HelioVolt Corporation
- Company type: Private
- Industry: Photovoltaics
- Founded: 2001
- Founder: Dr. B.J. Stanbery
- Defunct: 2014
- Headquarters: Austin, Texas, United States
- Key people: Dr. B.J. Stanbery Steve Darnell John Prater Dr. Peter Hersh Dr. Bao Sang
- Products: CIGS solar cells
- Website: www.heliovolt.net

= HelioVolt =

Former solar energy company

HelioVolt Corporation was a privately held solar energy company based in Austin, Texas that suspended operations in 2014. The company manufactured photovoltaic (PV) solar modules using a thin film semiconductor process based on copper indium gallium selenide (CIGS) to produce CIGS solar cells. HelioVolt manufactured these thin film modules for commercial rooftop, utility-scale ground mount, residential, building-integrated photovoltaics (BIPV) and custom installations. The company raised over $230 million in investments, including over $80 million by SK Group.

==History==
HelioVolt Corporation was founded in 2001 to develop and commercialize its FASST® process for applying CIGS thin-film photovoltaics directly onto conventional construction materials. The company’s FASST® process, based on semiconductor printing, was conceived by HelioVolt founder Dr. Billy J. Stanbery, an expert in the materials science of CIGS and related compound semiconductors. FASST® is a patented manufacturing process for CIGS synthesis.

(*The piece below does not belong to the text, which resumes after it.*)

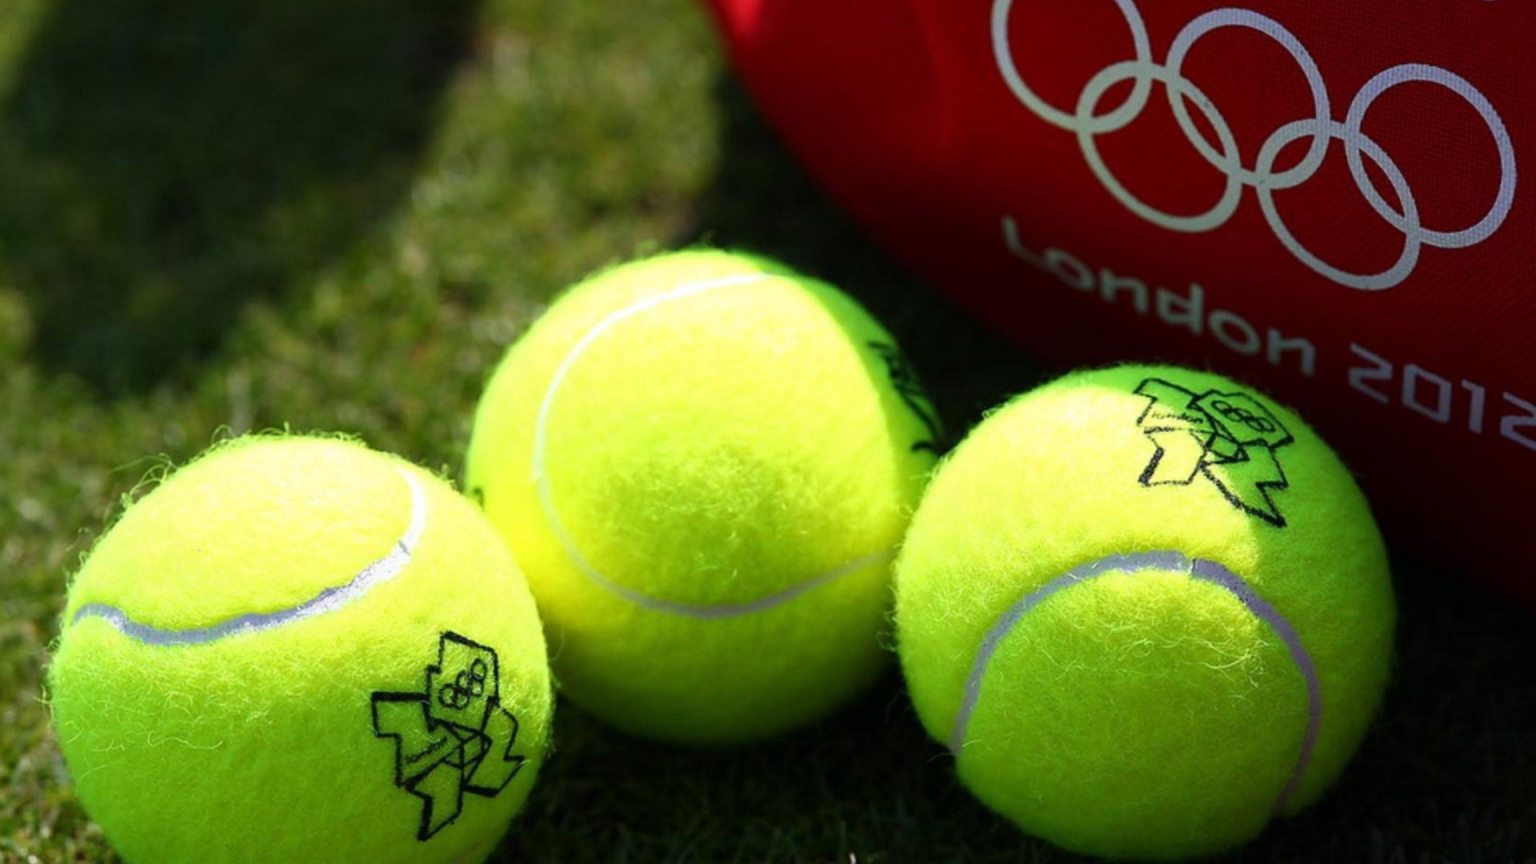 London 2012 Olympics Tennis Balls for 1536 x 864 HDTV resolution

HelioVolt produced thin film solar PV modules for commercial rooftop, utility-scale ground mount, residential, BIPV and custom installations. HelioVolt suspended operations in 2014 and the contents of the Austin facility were auctioned in January 2015.

==Investments==
Large-scale investment in HelioVolt began with $8 million in Series A funding from New Enterprise Associates in 2005. A further $77 million was added in a Series B funding round co-led by Paladin Capital Group and the Masdar Clean Tech Fund in August 2007.
The Series B funding round was closed for a total of $101 million in October 2007 with investments from Sequel Venture Partners, Noventi, and Passport Capital. The latest investment will fund factory expansion preparation activities.

==Technology==

HelioVolt developed a new way to manufacture thin-film CIGS semiconductor coatings for solar panels, based on research into the fundamental device physics of the CIGS semiconductor material.
However, this solar thin-film processing method was flawed and failed to scale economically, leading to the company's demise in 2014. The contents of the Austin facility were auctioned in January 2015.
Conventional semiconductor processing requires a vacuum process to deposit the semiconductor film on the substrate. The need for vacuum chambers makes this a lengthy batch-oriented production process. HelioVolt developed a nanomaterial-based coating that could be sprayed onto a wide variety of substrates without requiring a vacuum. Non-vacuum or atmospheric deposition processes offer a combination of lower costs, process simplicity and reduced manufacturing times. The company's FASST manufacturing process won a Nanotech Briefs "Nano 50" nanotechnology award in 2006. In 2008, HelioVolt and NREL won an R&D 100 Award for their innovative Thin Film Solar Printing Process, as well as the year's coveted R&D Magazine's Editor’s Choice for Most Revolutionary Technology.

HelioVolt produced thin film solar cells that could convert 14% of the sunlight that hit them into electricity, and solar modules with conversion efficiencies of above 12 percent, as certified by NREL.